100 yaşındaki 2 kadın uzun yaşamın gerçek sırrını açıkladı: Diyet ve egzersizi unutun


Sağlıklı bir ömür denilince akla çabucak diyet, antrenman ve tertipli uyku geliyor. Lakin 100 yaşını aşmış iki bayanın anlattıkları, uzun ömrün sırrının çok daha farklı olabileceğini gözler önüne seriyor. İçerik üreticisi Yair Brachiyahu, 100, 101 ve 90 yaşındaki üç bayanla gerçekleştirdiği röportajda, bu yaşlı lakin bilge bireylerin hayat dolu ömürlerinin sırlarını gün yüzüne çıkardı.

UZUN ÖMRÜN ALTIN ANAHTARI
Röportajda konuşan bayanlar, sağlıklı yaşamanın yalnızca fizikî değil, birebir vakitte ruhsal bir istikrarla mümkün olduğunu vurguladı. Ne yedikleri, ne kadar spor yaptıklarından çok; ne kadar güldükleri, kimlerle vakit geçirdikleri ve hayatı ne ölçüde sevdikleri öne çıktı.
Katılımcılara nazaran, uzun ömürlü olmanın sırları ortasında şu üç öge öne çıkıyor:
Neşe dolu bir hayat sürmek
Kitap okuyarak zihni daima canlı tutmak
Aktif ve destekleyici bir toplumsal etrafa sahip olmak
Röportajın yer aldığı görüntü kısa müddette toplumsal medyada geniş yankı uyandırdı. Birçok izleyici, bu sade ancak derin ömür ideolojisini takdir ederken, kimileri tavsiyelerin gerçekçi olmadığı görüşünde birleşti.

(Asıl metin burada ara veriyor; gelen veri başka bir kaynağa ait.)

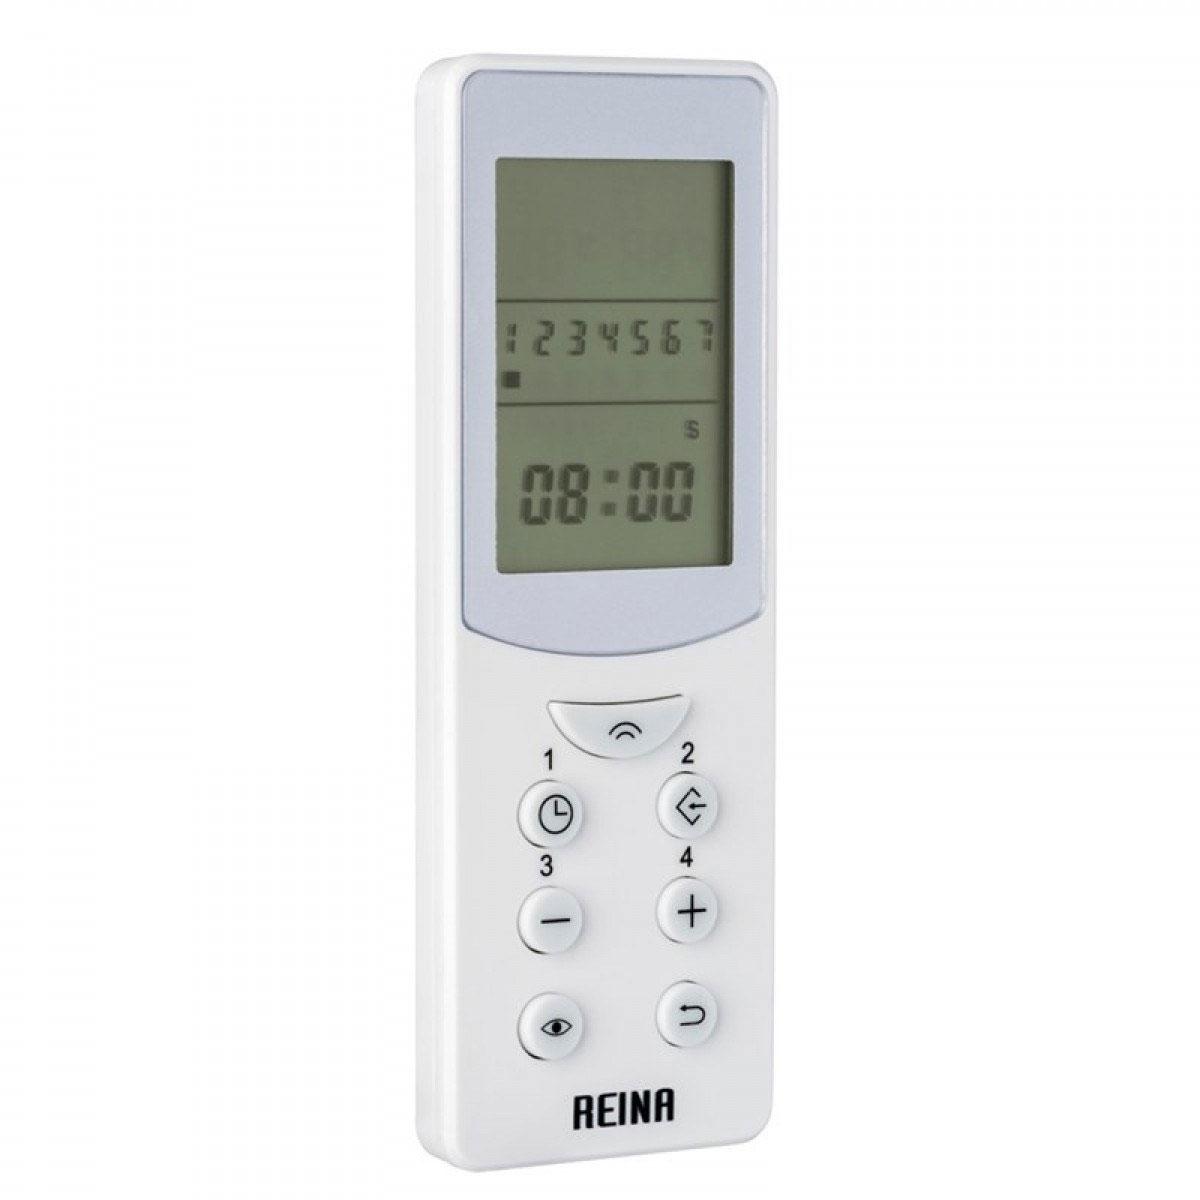 Reina Diva Thermostatic Electric Straight Heated Towel Rail 1000mm H x 600mm W Chrome

Bir kullanıcı, “Hepsinden duyduğum anahtarlar şunlar: 1. Kendini sev, 2. Hayatını sev, 3. Gerilim yapma, yalnızca yaşa, 4. Kendin ol.” yorumunda bulunurken, bir oburu “Anahtar bence finansal bağımsızlık” dedi. Fakat idman yapılmaması istikametindeki öneriyi eleştirenler de oldu. Bir izleyici, “Egzersiz yapmayın mı? Bu makus bir tavsiye. Başımı salladım.” tabirlerini kullandı.

BİLİM NE DİYOR?
Araştırmalar da bu görüşleri kısmen dayanaklar nitelikte. Yapılan çeşitli çalışmalar, keyifli bireylerin daha uzun yaşama eğiliminde olduğunu ortaya koyuyor. Örneğin, bir araştırma daha yüksek memnunluk seviyesine sahip şahısların, beş yıllık süreçte erken mevt riskinde %3,7’lik bir azalma yaşadığını gösterdi.

Mutluluğun; gerilim azaltımı, sağlıklı hayat alışkanlıklarının sürdürülmesi, kalp sıhhati ve bağışıklık sistemi üzerinde olumlu tesirleri olduğu da bilimsel datalarla destekleniyor. Ayrıyeten iyimserliğin –mutluluğun temel bileşenlerinden biri olarak– 85 yaş ve sonrasına ulaşma ihtimalini artırdığı da biliniyor.

Elbette istikrarlı beslenmek, sigaradan uzak durmak ve tertipli idman yapmak sağlıklı bir ömrün olmazsa olmazları. Fakat 100 yaşını geride bırakmış bu bayanların anlattıkları, ruhsal ve toplumsal sıhhatin da en az fizikî sıhhat kadar değerli olduğunu gösteriyor. Kimi vakit bir kahkaha, kimi vakit bir dost sohbeti; hayatın uzunluğu kadar kalitesini de belirliyor olabilir.